Une fois de plus, soumettre les intuitions et les expériences au feu du langage. Les mots sont parfois pires que tout ou mieux que rien. Ils ne parlent pas toujours en leur nom. Ils demeurent des signes-miroirs dans lesquels nous projetons, du creux du soi, vues, interprétations, peurs et espoirs. C’est avec ça qu’on écrit et qu’on parle.
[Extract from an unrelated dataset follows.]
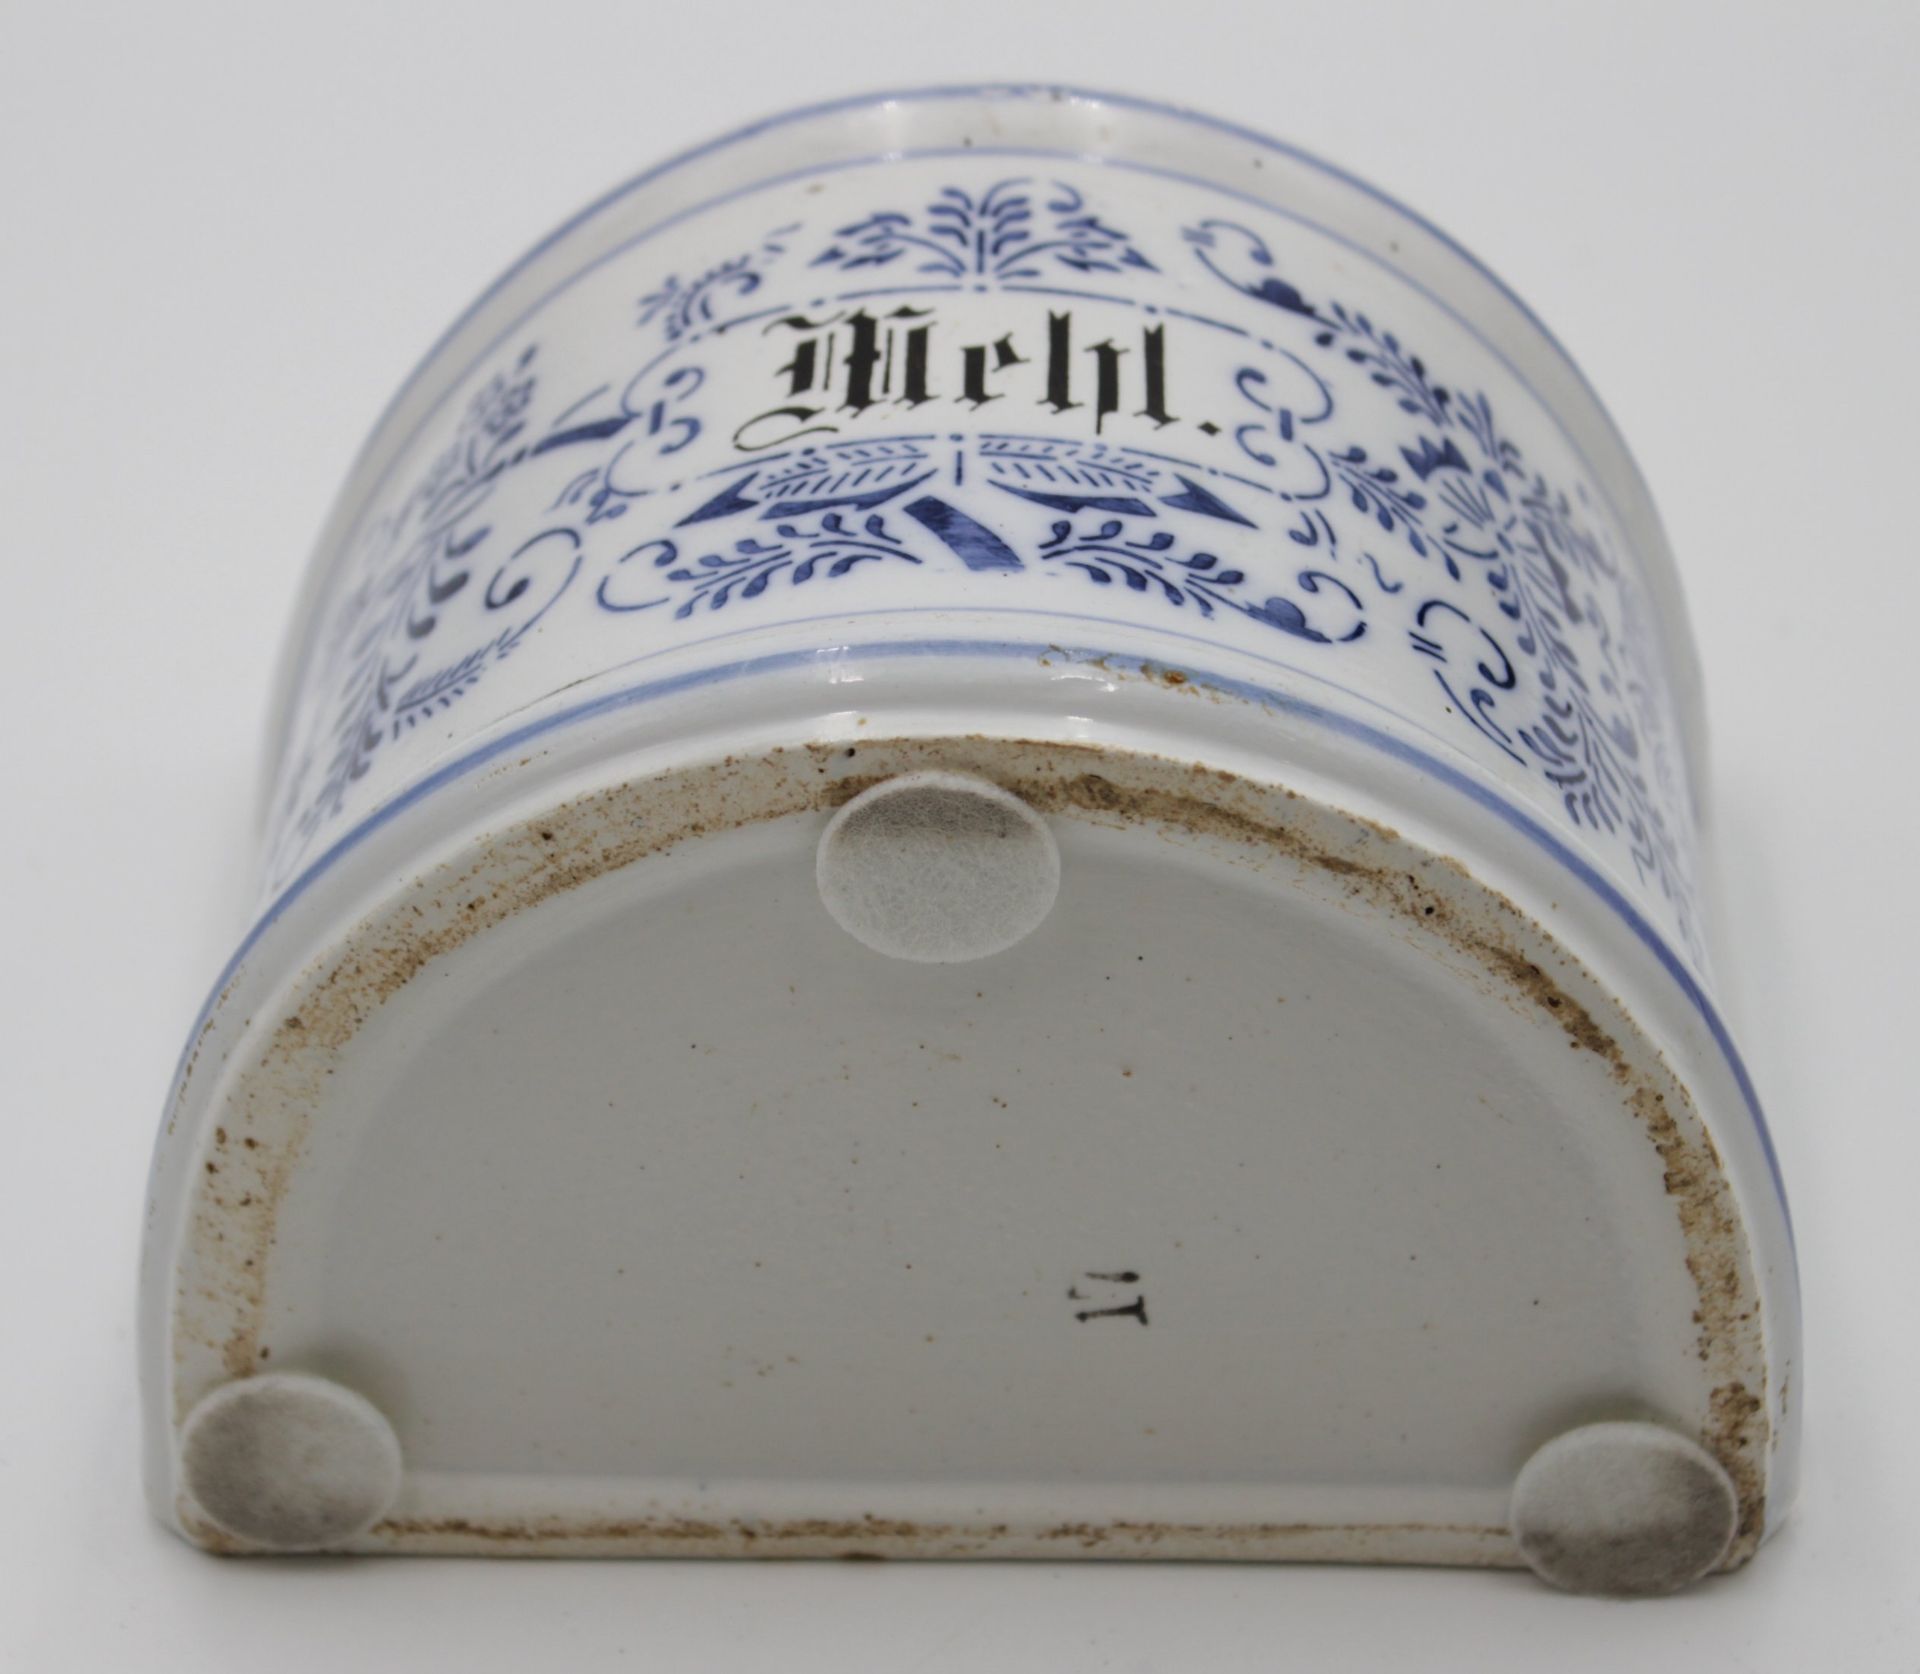 Küchen-Wandgefäss um 1900, blaues florales Dekor, beschrift. "Mehl", Altersspuren, H-23,5cm B-17cm. - Image 4 of 4

Ce texte rassemble des mots choisis et agencés pour parler de la pratique artistique de celle dont on dit que c’est moi. Je ne sais s’ils seront toujours vrais pour aborder ma recherche, mais pour le dire simplement, aujourd’hui, ils se trouvent où je suis. Cette recherche, je la pose comme étant à la fois intérieure et extérieure, spirituelle et artistique. Qu’il soit interne ou externe, l’atelier demeure un lieu intime de pratique et de réflexion (dans les deux sens du terme), un espace par lequel le travail de l’esprit rencontre, par frottement et répétition, celui du corps. Et c’est ainsi que le feu finit par y prendre. L’étymologie du mot atelier renvoie à un tas de morceaux de bois, et par extension, à la boutique de l’artisan. Ce soir, mes idées font les bras qui se penchent pour ramasser les fagots dans le grand champ de la conscience, le grand atelier. Et l’écriture, ah ! la belle créature ! Elle enfourne mes brassées de fagotins et y met de l’air, du souffle et telle une architecte, agence dans l’âtre les rondins à l’espace, la forme au vide. Le feu nécessite structure et attention.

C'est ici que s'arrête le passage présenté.